**Recorded data**
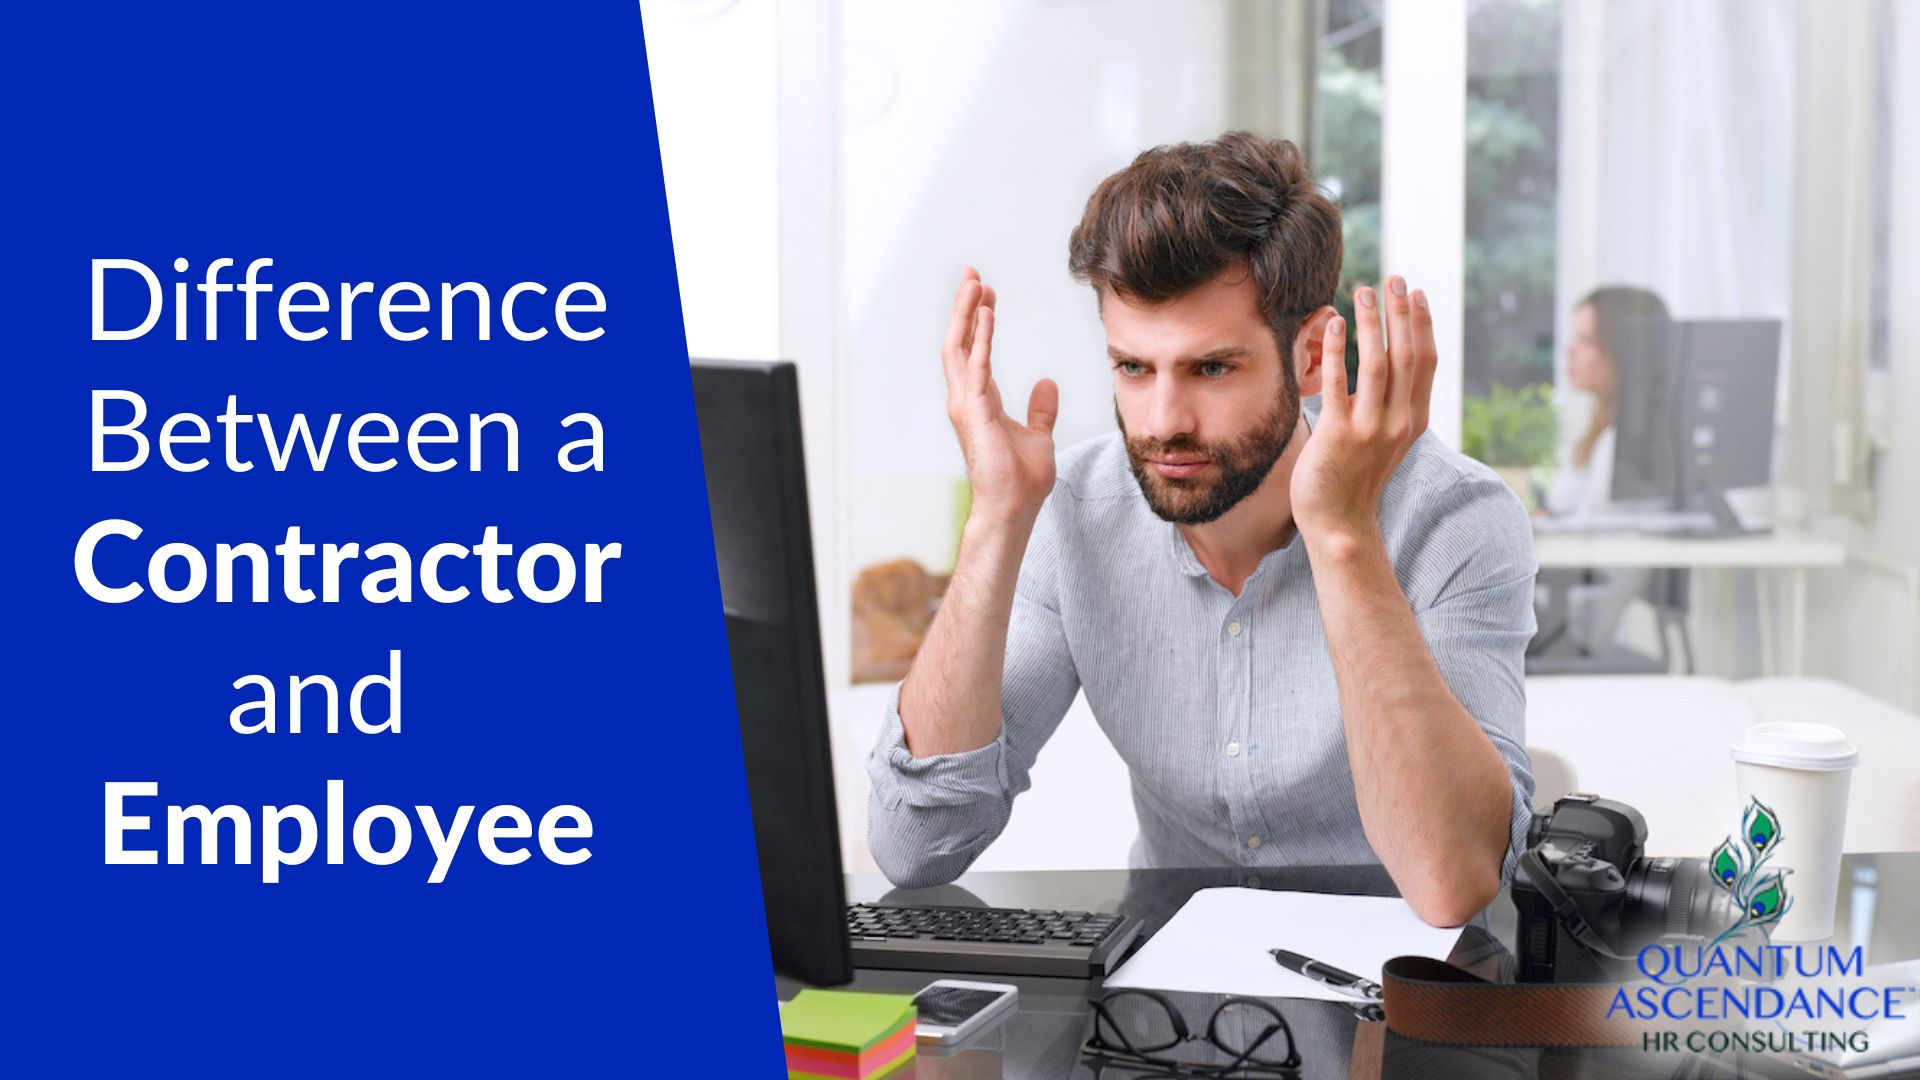 What is the Difference Between a Contractor and an Employee?
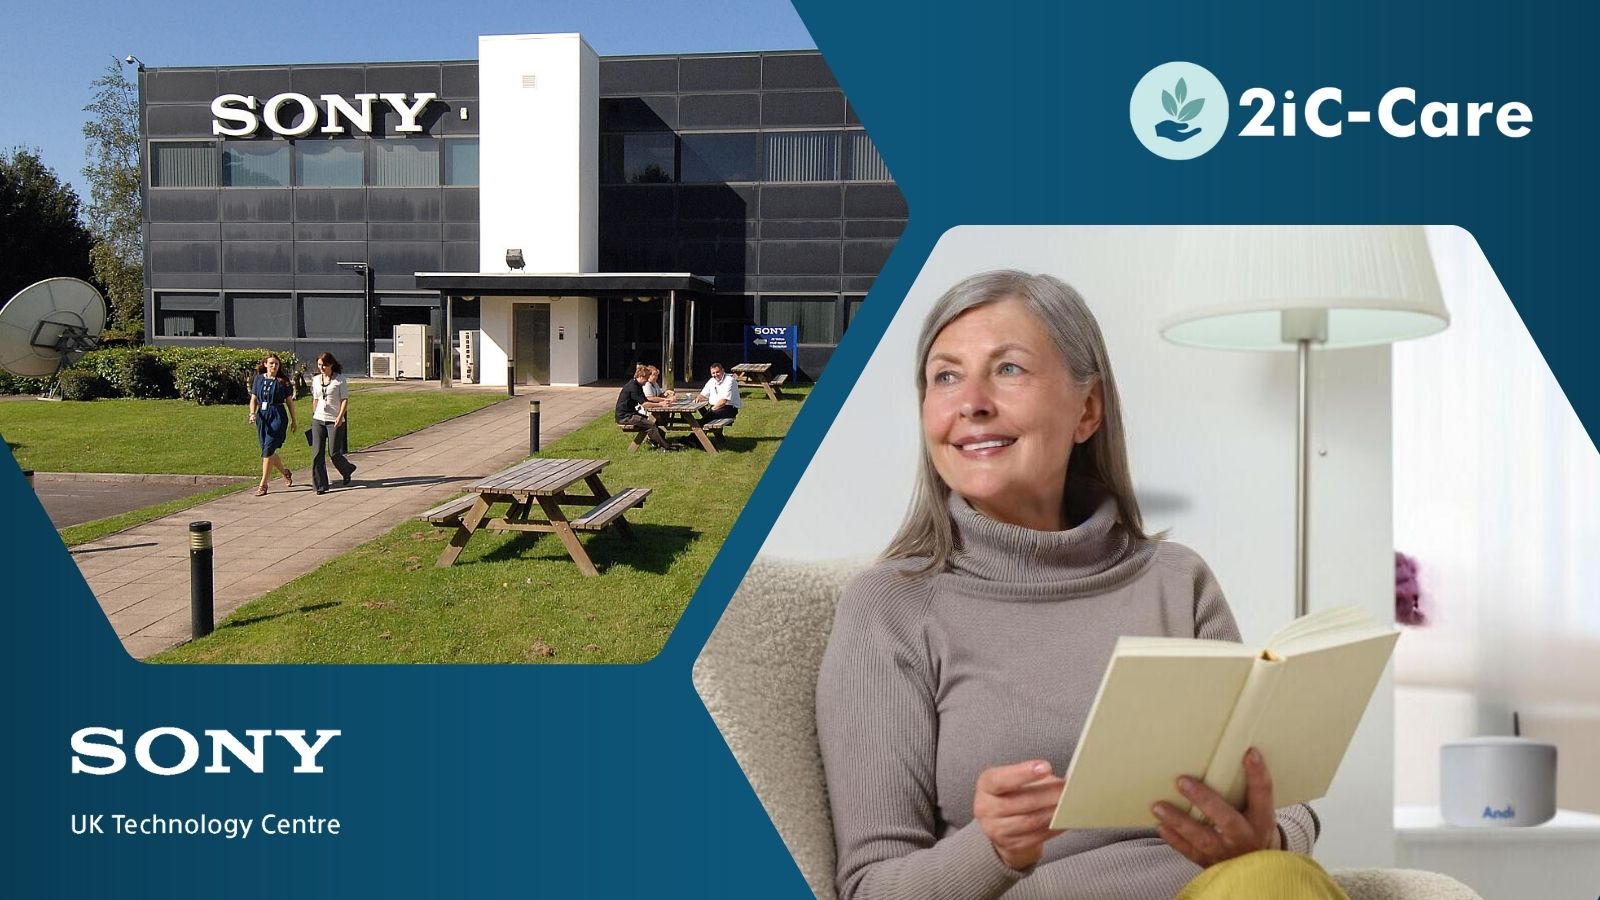 Sony UK Technology Centre & 2iC-Care Manufacturing Agreement
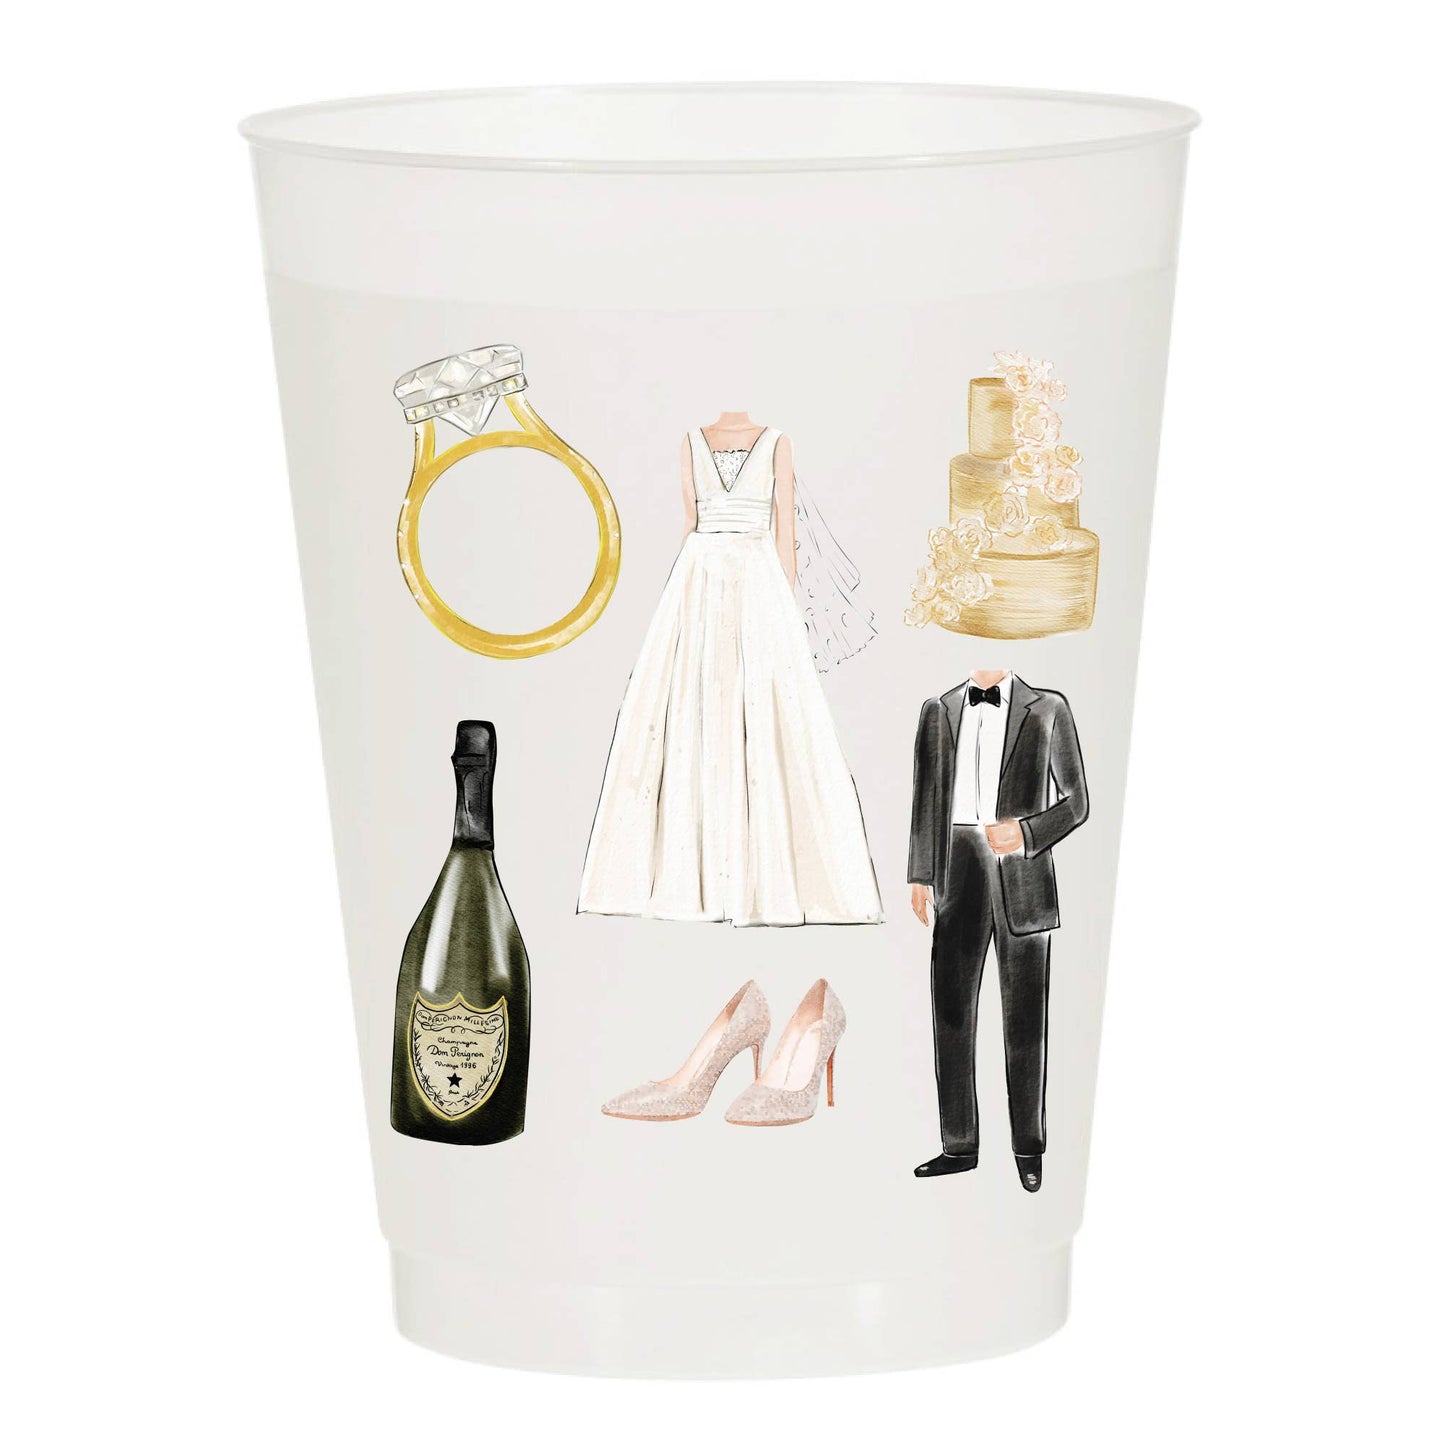 Wedding Collage Dress Tux Cake Ring Champagne -Set of 10 Cup

**What you are asked to do**
Give back the data exactly. Skip any images.

**Result for this exercise**
 What is the Difference Between a Contractor and an Employee?
 Sony UK Technology Centre & 2iC-Care Manufacturing Agreement
 Wedding Collage Dress Tux Cake Ring Champagne -Set of 10 Cup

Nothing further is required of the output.